[Opening EXERCISE DATA section]

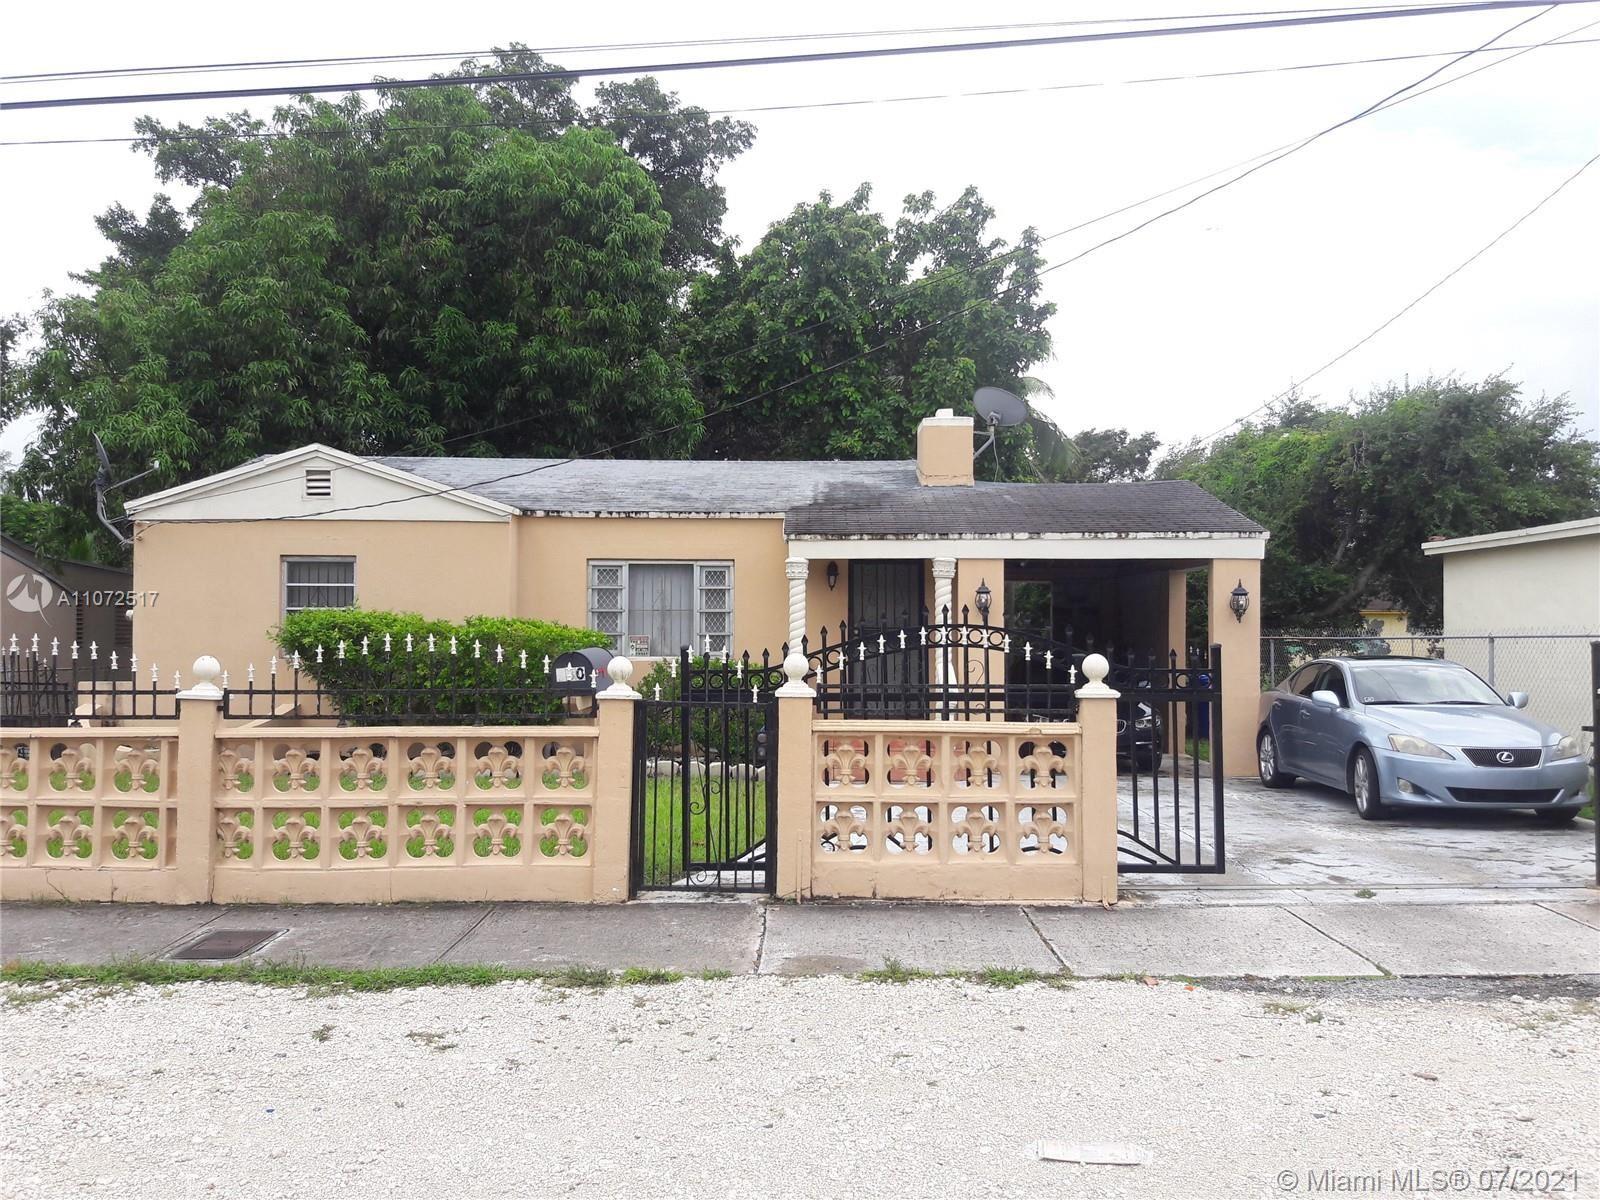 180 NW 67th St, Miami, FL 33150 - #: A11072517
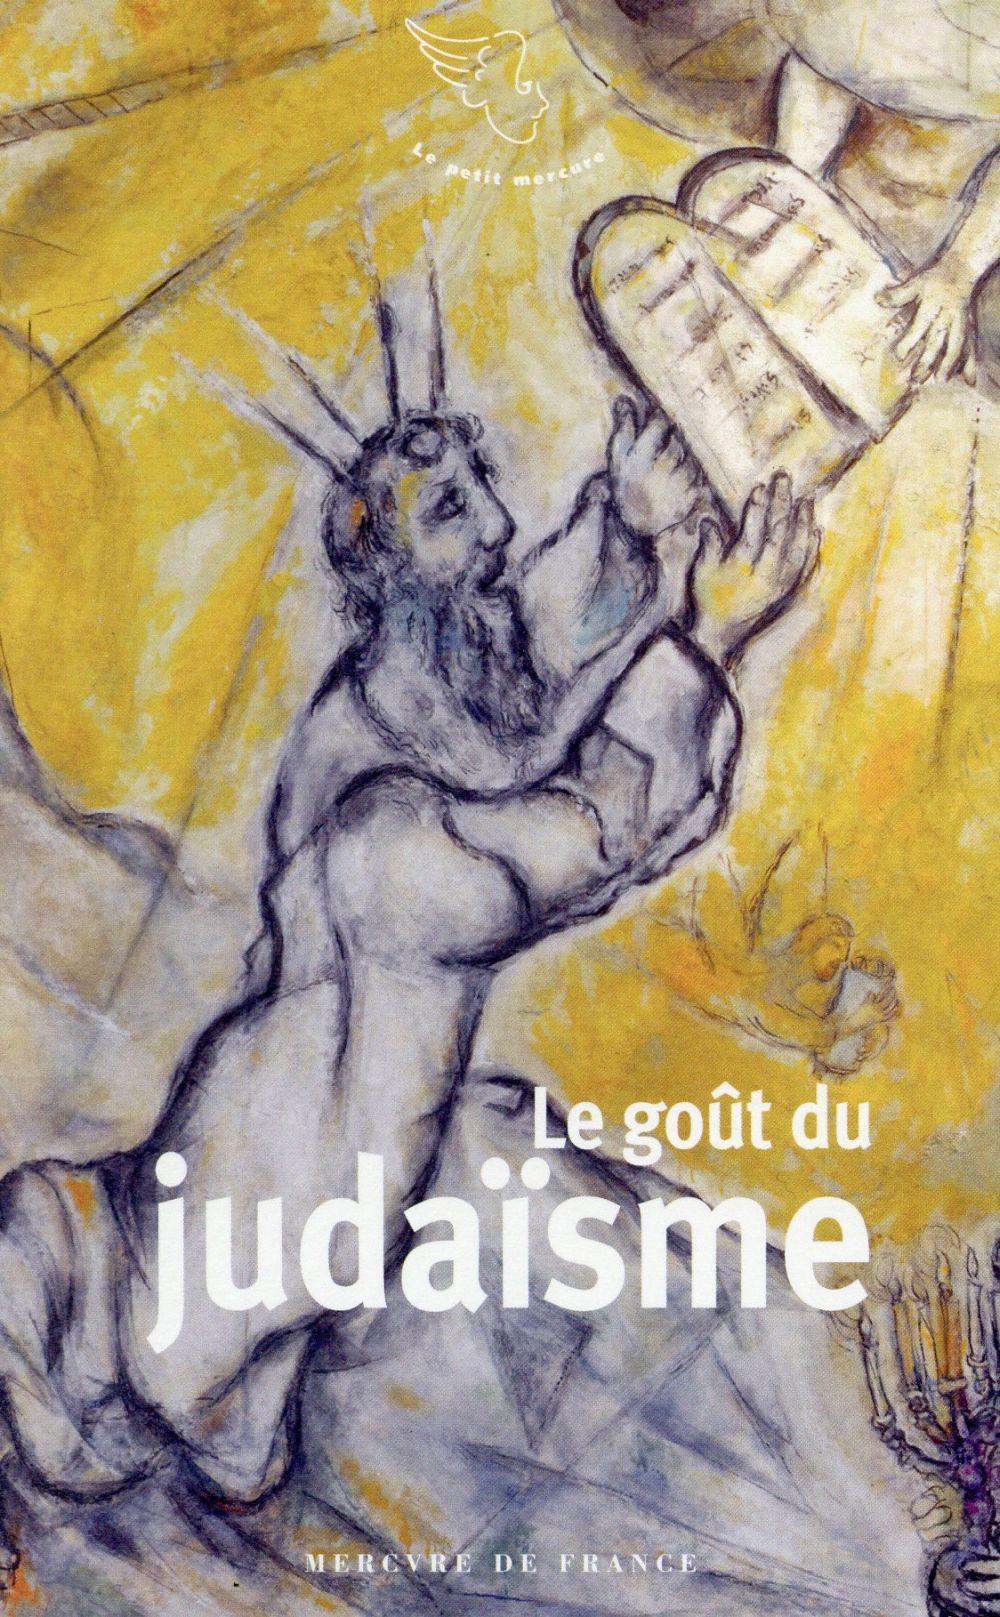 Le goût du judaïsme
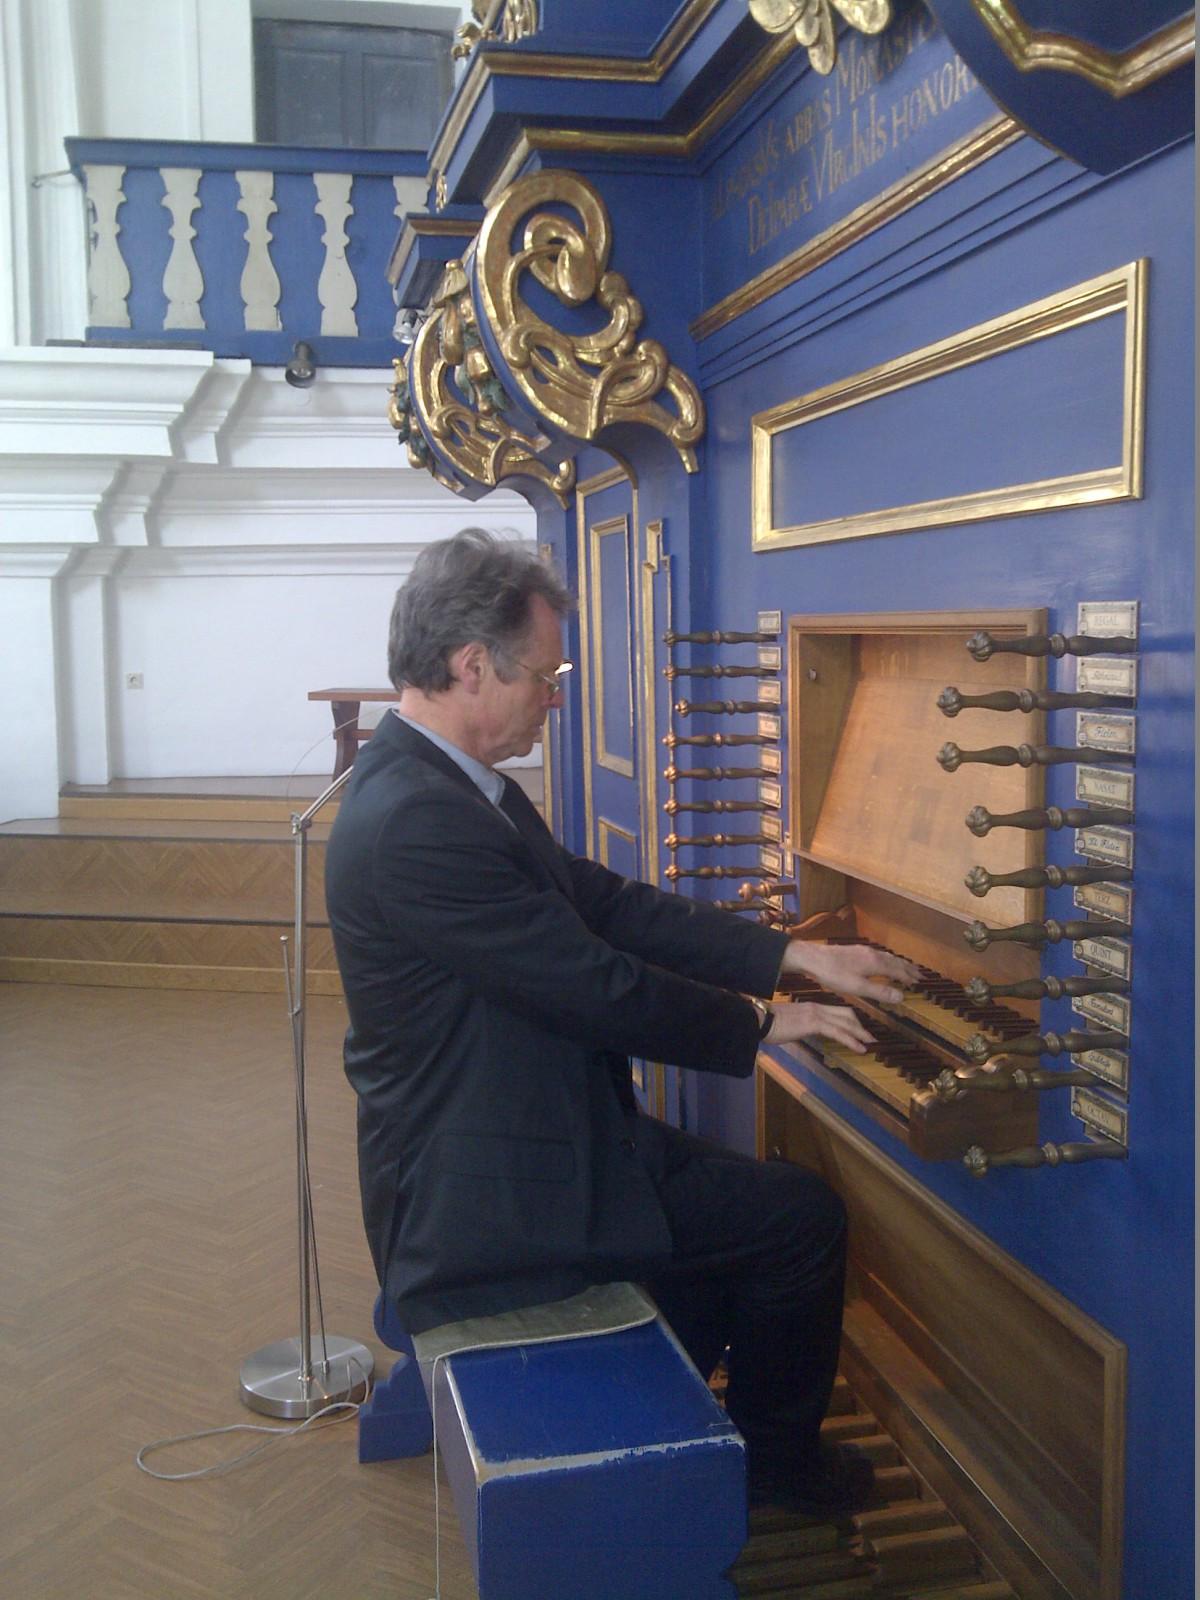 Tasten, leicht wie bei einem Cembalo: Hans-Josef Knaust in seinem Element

[Closing EXERCISE DATA section]

PROBLEM: Quote the material word for word, dropping any images it holds.

SOLUTION TO THE EXERCISE:
 180 NW 67th St, Miami, FL 33150 - #: A11072517
 Le goût du judaïsme
 Tasten, leicht wie bei einem Cembalo: Hans-Josef Knaust in seinem Element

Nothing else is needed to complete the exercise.